JetBrain's PyCharm is also good, and now there's a free Community Edition. Where it really shines is if you use a framework such as Django, or Backbone, but WeeWX does not use any of these, so there is no real need for PyCharm's extra functionality when working with WeeWX.

HTML and Javascript

For HTML, JetBrain's WebStorm used to be the undisputed master. However, in recent years, I've found that Eclipse's "Web Development Tools" to be its equal, or even better, particularly when working with long HTML documents like the Customizing Guide.

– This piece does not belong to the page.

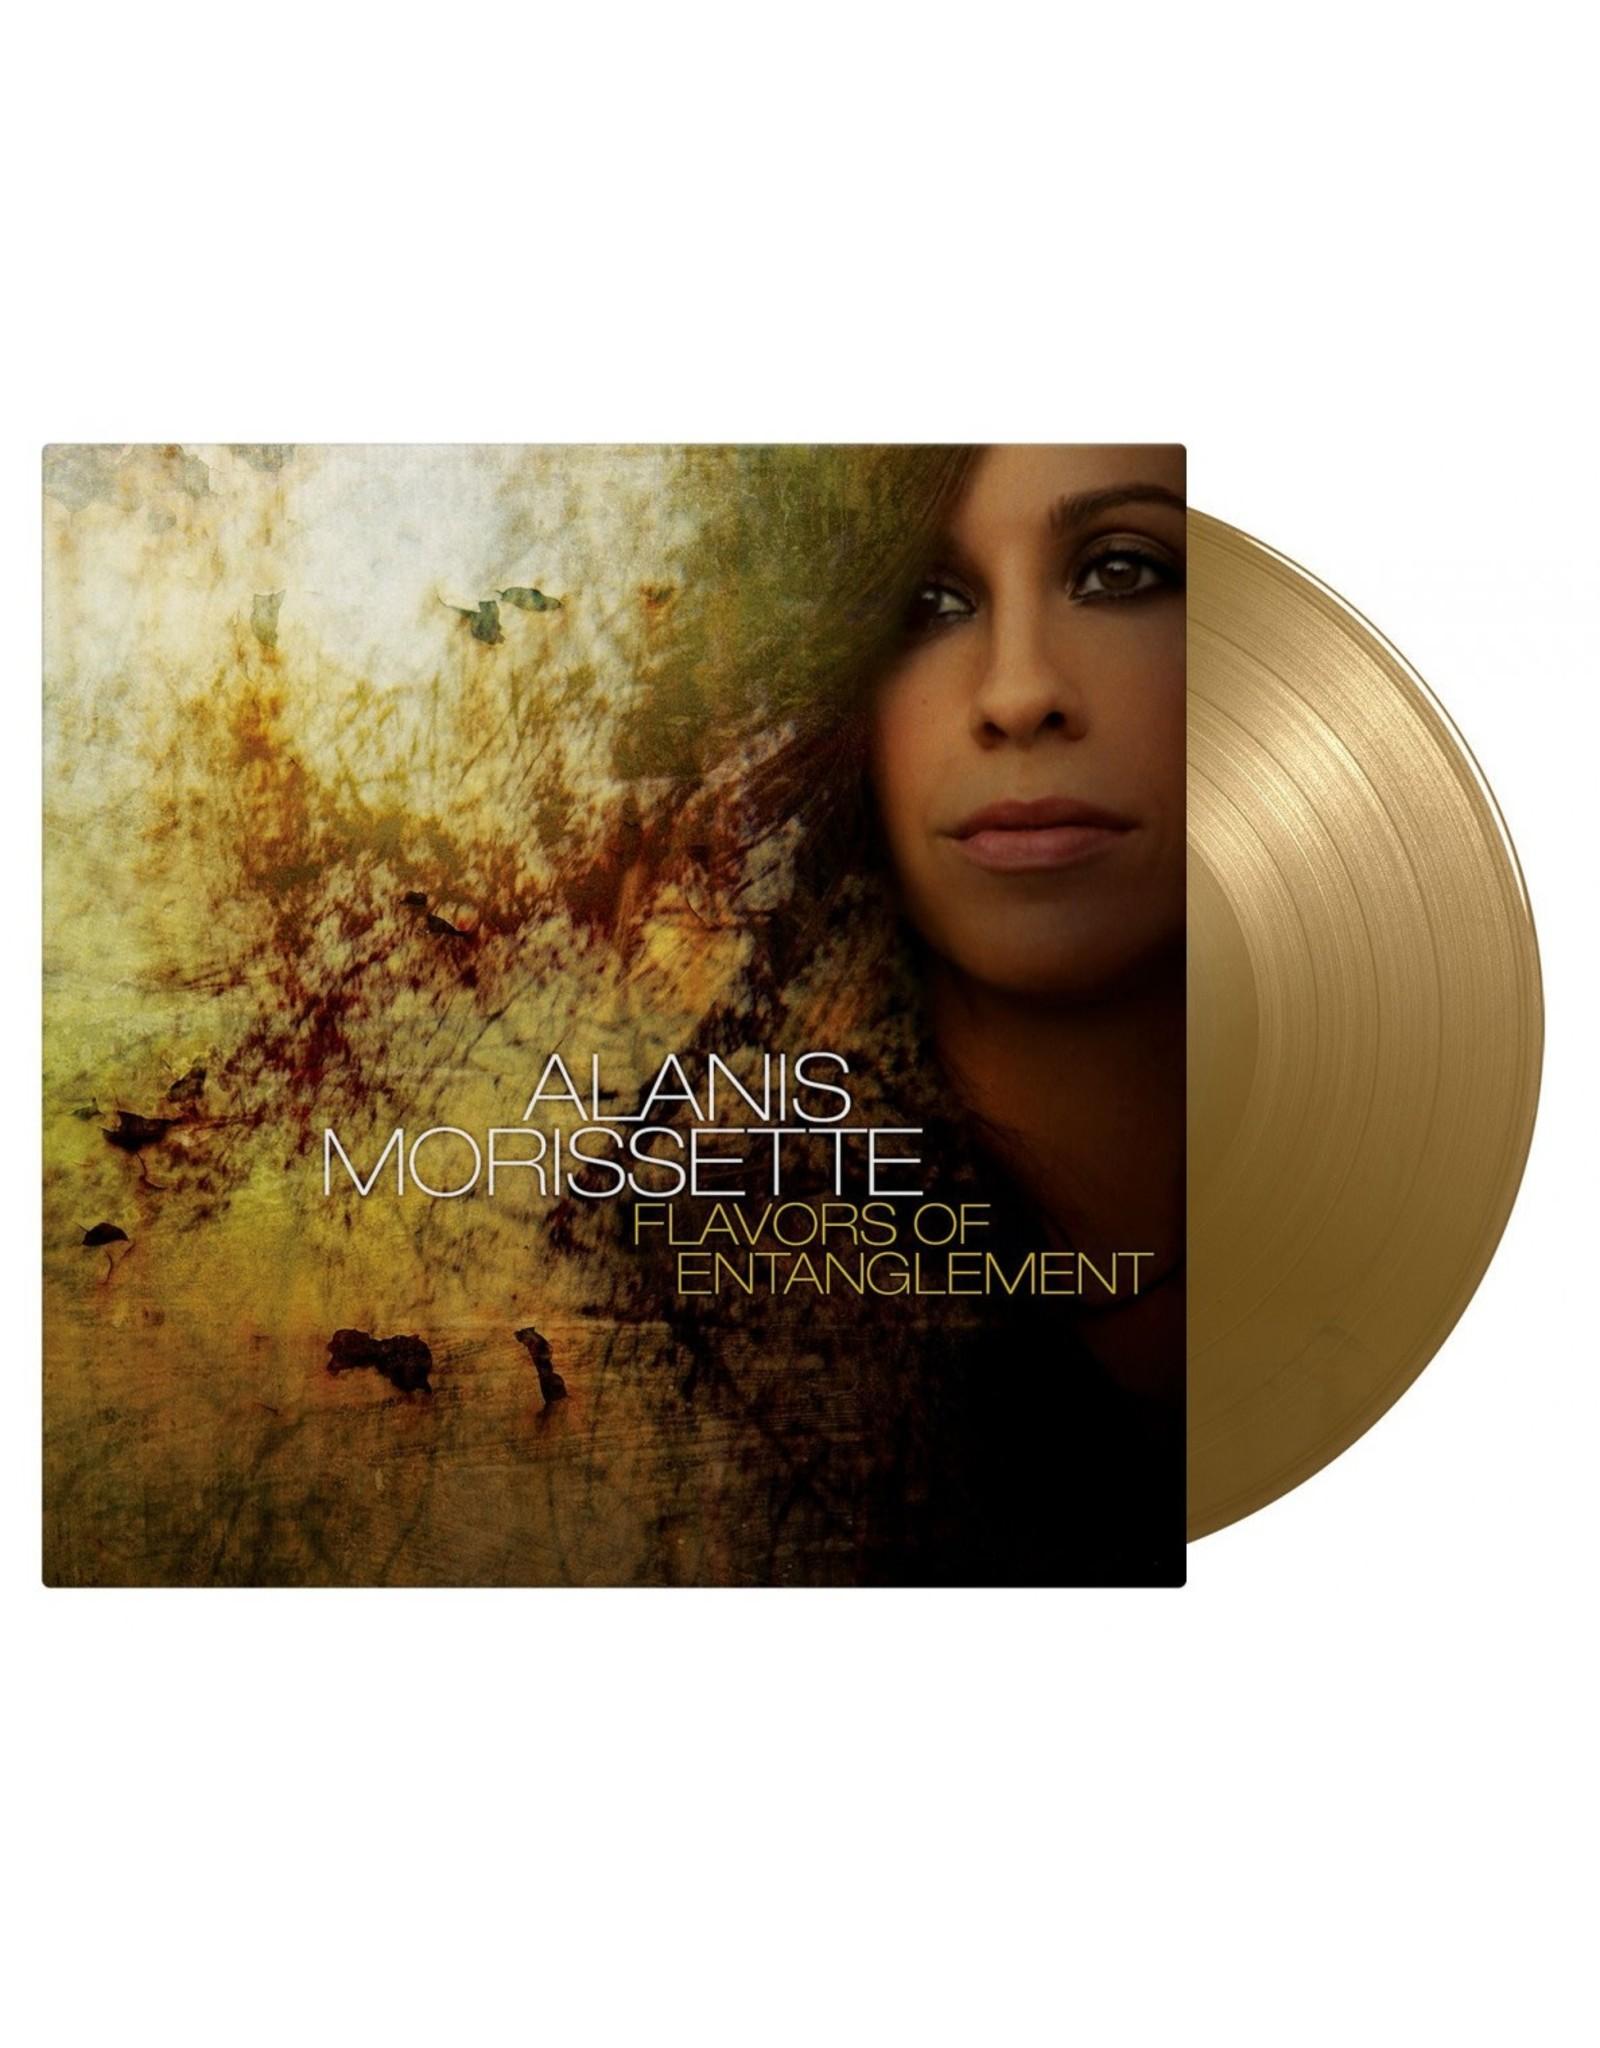 Alanis Morissette - Flavors Of Entanglement (Music On Vinyl) [Gold Vinyl]

However, if you are working with Javascript, particularly if you're using a framework like NodeJS or ExpressJS, there is no contest: WebStorm is the way to go.

Glossary

This is a glossary of terminology used throughout the code.

Terminology used in WeeWX
Name Description
archive interval WeeWX does not store the raw data that comes off a weather station. Instead, it aggregates the data over a length of time, the archive interval, and then stores that.
archive record While packets are raw data that comes off the weather station, records are data aggregated by time. For example, temperature may be the average temperature over an archive interval. These are the data stored in the SQL database
config_dict All configuration information used by WeeWX is stored in the configuration file, usually with the name weewx.conf. By convention, when this file is read into the program, it is called config_dict, an instance of the class configobj.ConfigObj.
datetime An instance of the Python object datetime.datetime. Variables of type datetime usually have a suffix _dt.
db_dict A dictionary with all the data necessary to bind to a database. An example for SQLite would be {'driver':'db.sqlite', 'root':'/home/weewx', 'database_name':'archive/weewx.sdb'}, an example for MySQL would be { 'driver':'db.mysql', 'host':'localhost', 'user':'weewx', 'password':'mypassword', 'database_name':'weewx'}.
epoch time Sometimes referred to as "unix time," or "unix epoch time." The number of seconds since the epoch, which is 1 Jan 1970 00:00:00 UTC. Hence, it always represents UTC (well... after adding a few leap seconds. But, close enough). This is the time used in the databases and appears as type dateTime in the SQL schema, perhaps an unfortunate name because of the similarity to the completely unrelated Python type datetime. Very easy to manipulate, but it is a big opaque number.
LOOP packet The real-time data coming off the weather station. The terminology "LOOP" comes from the Davis series. A LOOP packet can contain all observation types, or it may contain only some of them ("Partial packet").
observation type A physical quantity measured by a weather station (e.g., outTemp) or something derived from it (e.g., dewpoint).
skin_dict All configuration information used by a particular skin is stored in the skin configuration file, usually with the name skin.conf. By convention, when this file is read into the program, it is called skin_dict, an instance of the class configobj.ConfigObj.
SQL type A type that appears in the SQL database. This usually looks something like outTemp, barometer, extraTemp1, and so on.
standard unit system A complete set of units used together. Either US, METRIC, or METRICWX.
time stamp A variable in unix epoch time. Always in UTC. Variables carrying a time stamp usually have a suffix _ts.
tuple-time An instance of the Python object time.struct_time. This is a 9-wise tuple that represent a time. It could be in either local time or UTC, though usually the former. See module time for more information. Variables carrying tuple time usually have a suffix _tt.
value tuple A 3-way tuple. First element is a value, second element the unit type the value is in, the third the unit group. An example would be (21.2, 'degree_C', 'group_temperature').